Jacquie had been somewhat daunted at the prospect of meeting Larry. She had heard a lot about him – about his brilliance, his intellectual energy, his avant garde attitudes and Bohemian lifestyle, his ways with women – and his reputation had grown ever more formidable in his absence. She was relieved that the encounter, in the end, proved less fraught than she had feared: ‘Although a meeting with the genius of the family was a bit awe-inspiring, I must admit that he was far nicer than I had ever imagined.
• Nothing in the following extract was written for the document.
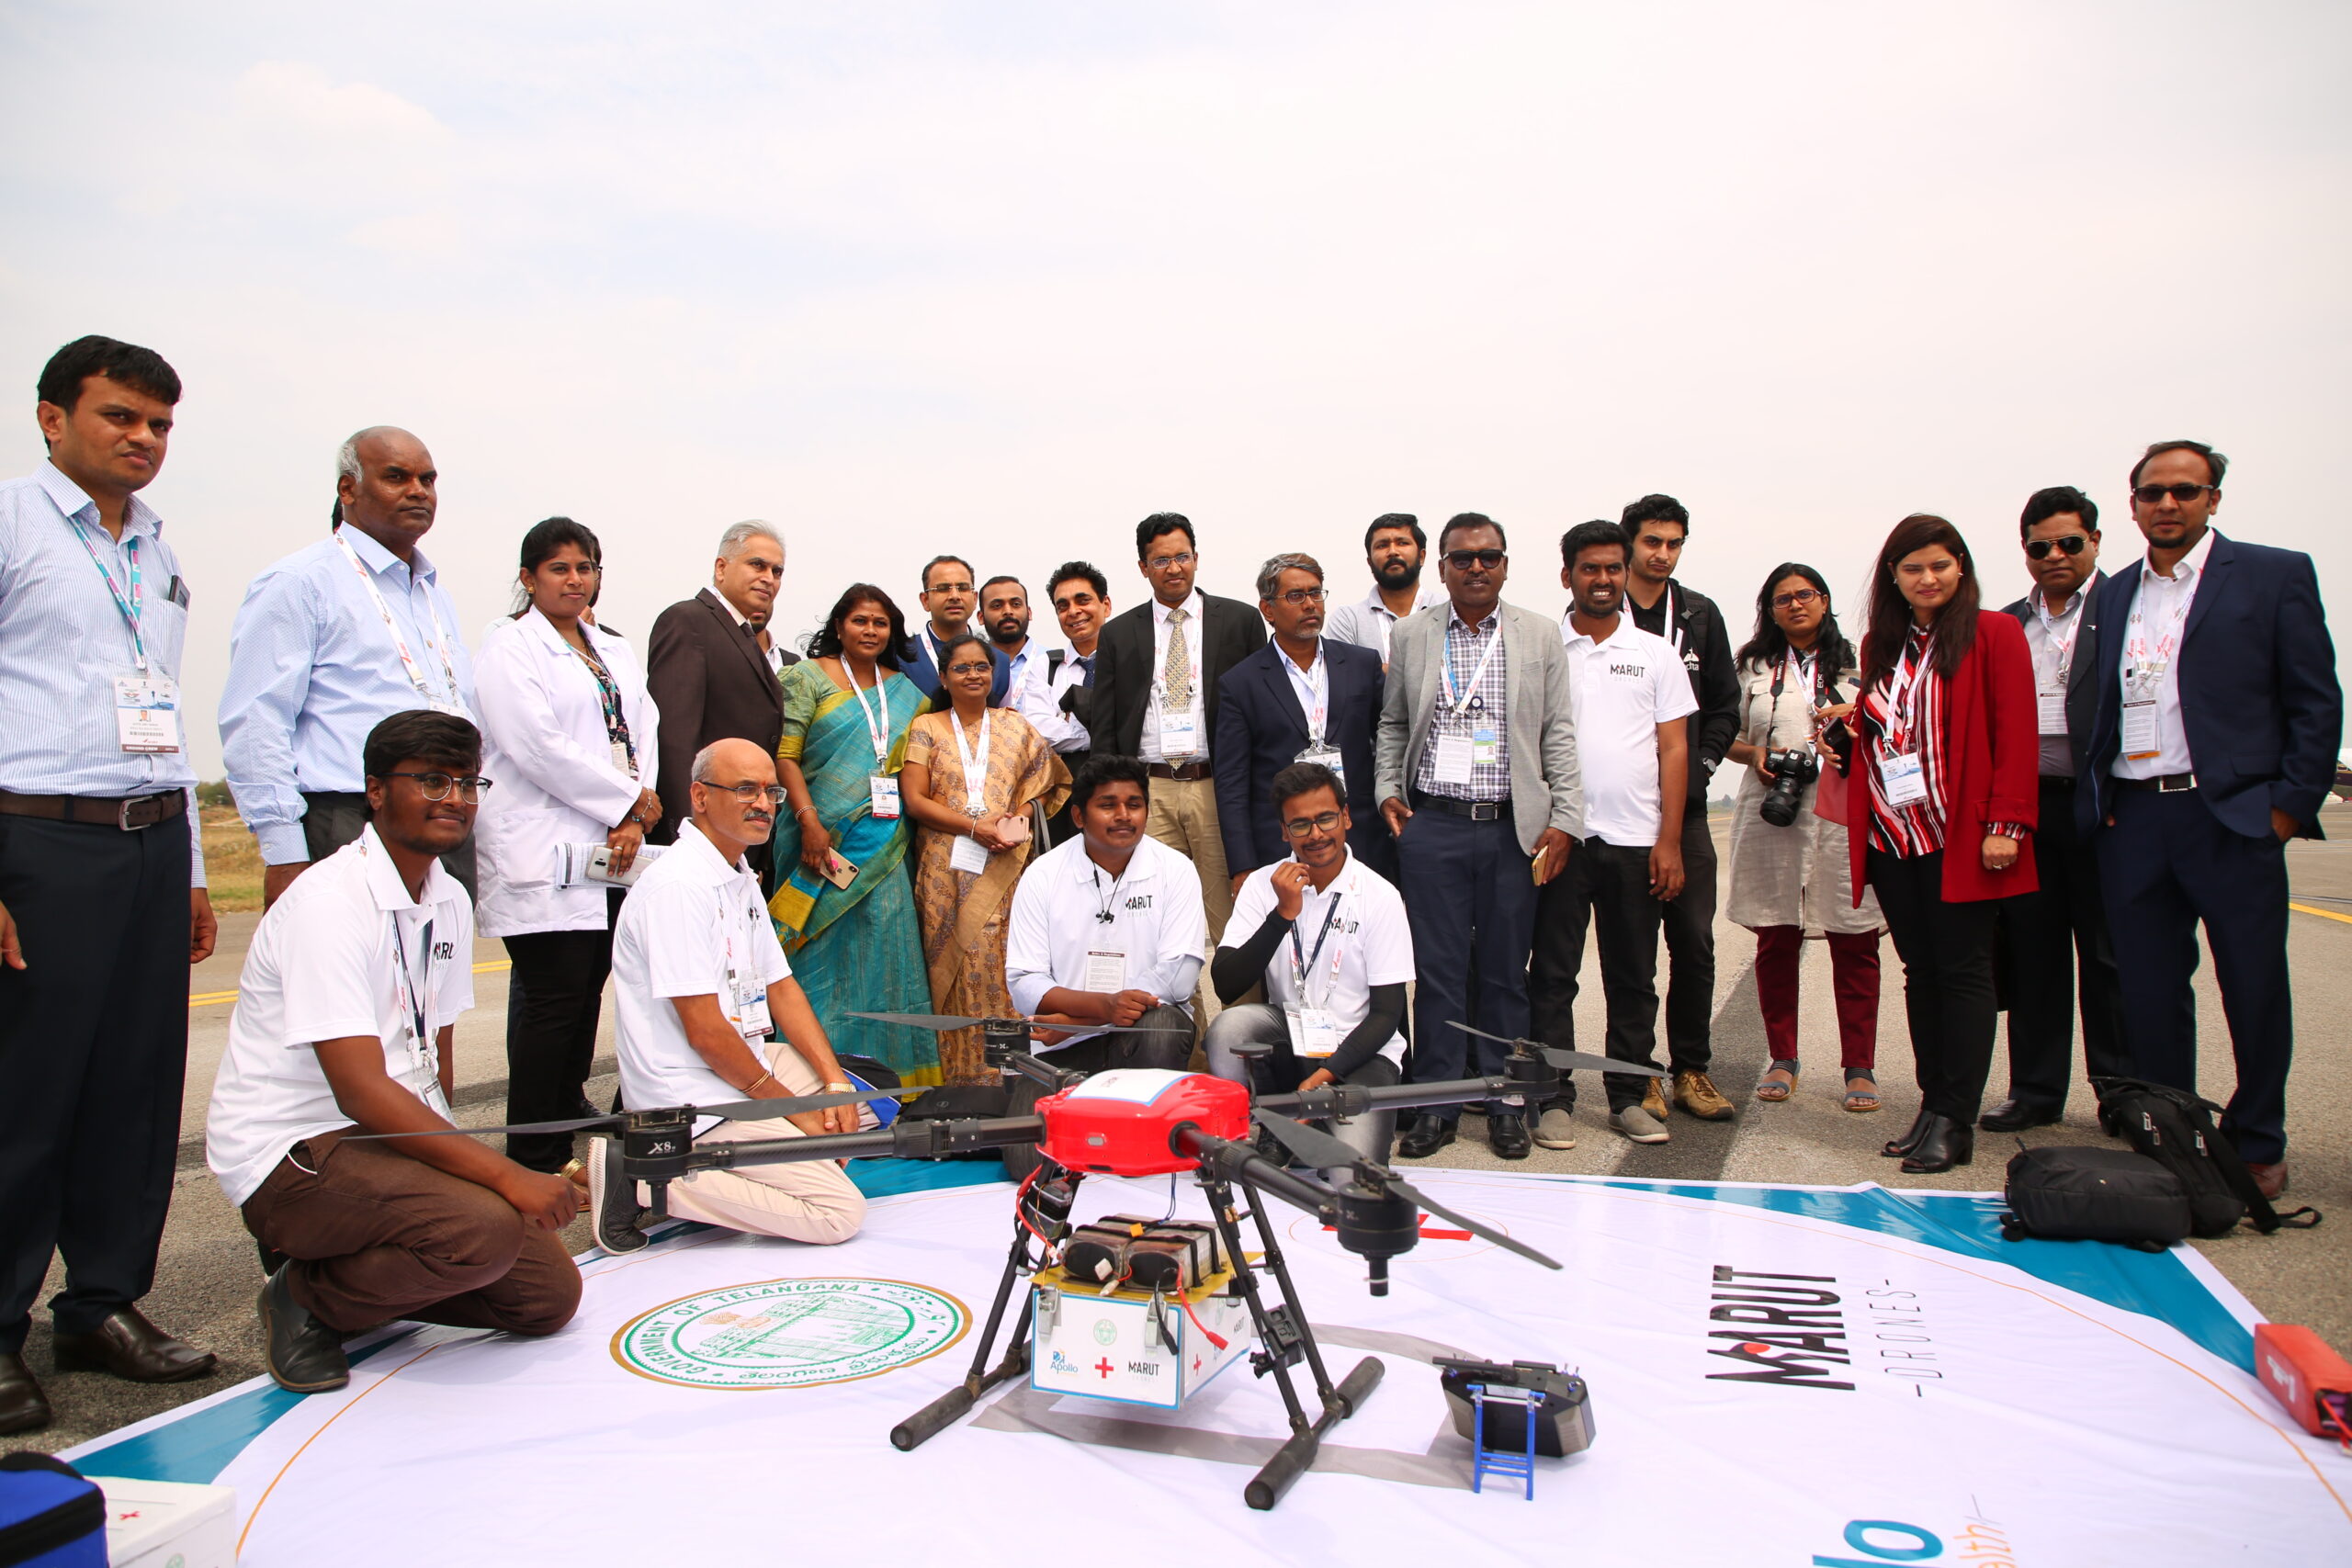 drone project for agriculture

Larry was small and stocky and instantly recognisable as a Durrell, with all the Durrell charm and humour, though far more sophisticated and suave.’
Larry was greatly concerned to hear that Gerald was down on his uppers, and without a job.
‘Why on earth don’t you write a book about these dreadful trips you go on, and make some money for a change,’ Jacquie remembered him hectoring his recalcitrant young brother. ‘After all, the British simply love stories about fluffy animals and jungles, and it’s so easy to do.’
Gerald was unconvinced, but reckoned he could just about squeeze a book out of his three expeditions.
‘My dear boy,’ said Larry, aghast, ‘you are not seriously suggesting that you write three trips up as one book, are you? You must be mad. Surely to heaven you can get a book out of each one?’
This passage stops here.